Children are being paid with vouchers to spend in Uber Eats and retailers like John Lewis when taking part in a puberty blocker trial backed by the NHS, despite the controversy around the issue and concerns for the health of participants.
The Telegraph reports that some 226 children who question their gender are being incentivised with a promise of up to €500 in vouchers for their part in the experiment, which is set to get underway in April.
The British Health Secretary, Wes Streeting, has commissioned the investigation after debate around the effect of puberty blockers on the young, after they were described by the Commission on Human Medicines as posing “an unacceptable safety risk” to children.
Children in Northern Ireland are also set to be part of the clinical trial to assess the risks and benefits of puberty-blocking drugs – which delay the onset of puberty in young people. Baroness Hillary Cass’s review of transgender services found that children had been failed by a lack of research and “remarkably weak” evidence on medical interventions in relation to gender services.

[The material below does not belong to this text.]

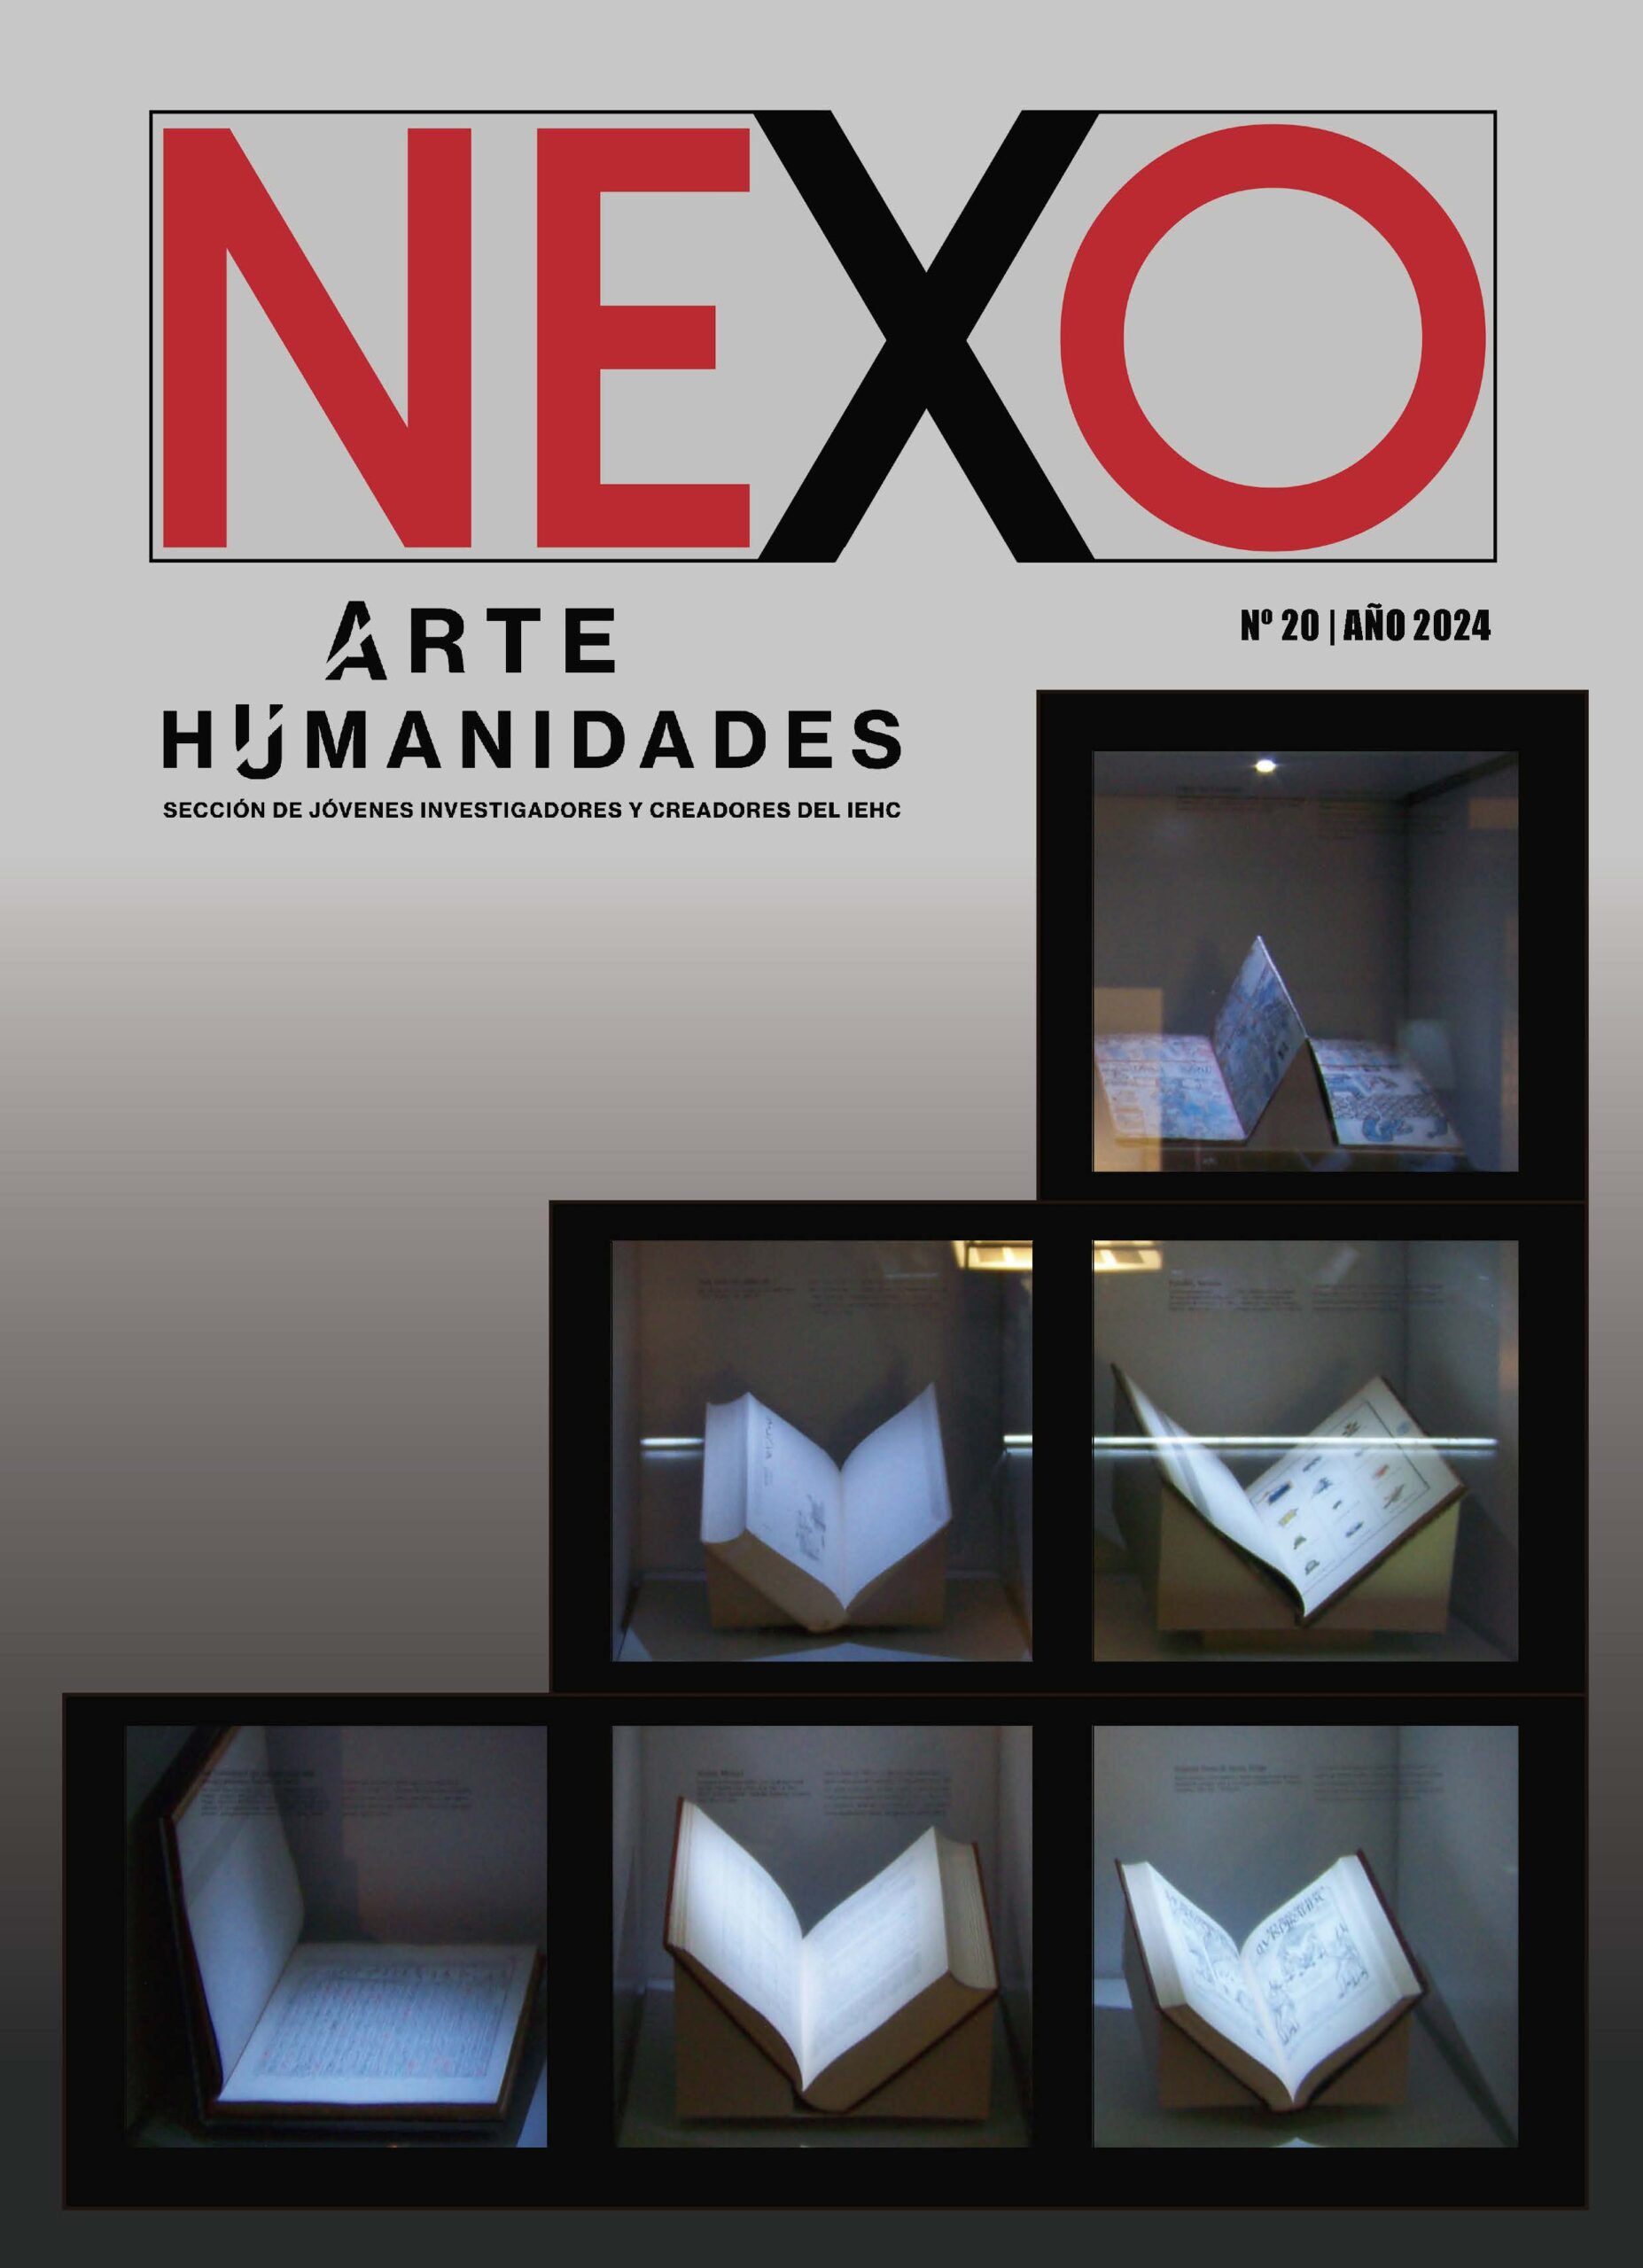 Portada de la revista con el título NEXO, debajo ARTE HUMANIDADES sección de jóvenes investigadores de Instituto de Estudios Hispánicos de Canariasy el número 20 año 2024

She also found that “good evidence” that puberty blockers were safe or effective did not exist.
Therapist and campaigner James Esses said this week that the government had been given “every opportunity to halt the monstrous puberty blockers trial”.
“They refused. Now, we will compel them,” he added, announcing that he and others were commencing a Judicial Review.”See you in Court, Wes Streeting,” he said, addressing the Health Secretary.
Critics of the trial argue that it could cause children irreversible harm. James Esses said: ‘We have given Wes Streeting and the relevant bodies every possible opportunity to pull the plug on this abhorrent trial. Even in the face of strong evidence of harm, consistent concerns from clinicians, and hundreds of thousands of members of the public petitioning them to stop, it is business as usual.”
“The recruitment of children is due to commence imminently, yet the conspiracy of silence continues. If they won’t safeguard children of their own accord, we will compel them to do so. The rest of the world is looking on. We will not allow the UK to become the country that knowingly destroyed the lives of vulnerable children,” he said.
However, The Telegraph now reports that “the children taking part in the trial will be incentivised with the promise of up to £500 in vouchers for completing psychometric tests.”
These will measure the effect of the puberty blockers on their brains, including effects on impulse control and memory.
Participants, aged under 16, will receive £30 vouchers for each of the 15 cognitive assessments they complete, as well as £15 vouchers for each of the three MRI scans they undertake, over the two years of the trial.
Children in another arm of the trial, not taking the drugs, will be given £15 vouchers for each bone density scan and blood test they have.
It is understood the children will be given Love2Shop vouchers which can be redeemed at retailers including Currys and John Lewis, as well as Uber Eats and Xbox, among others.
But Claire Coutinho, the Oppositon equalities minister, told the paper: “These children are in a vulnerable position. Adults should not be giving them vouchers in return for being experimented on.
“This trial already risks putting healthy children on a medical pathway to lifelong infertility. There is no minimum age, and it has been confirmed that children who are autistic or have learning difficulties will be able to take part.
Irish psychotherapist and author, Stella O’Malley, spoke with others in Parliament this week, where they said that puberty blockers “will cause long-term suffering” and that the trial was “like giving Ozempic to an anorexic or alcohol to an alcoholic.”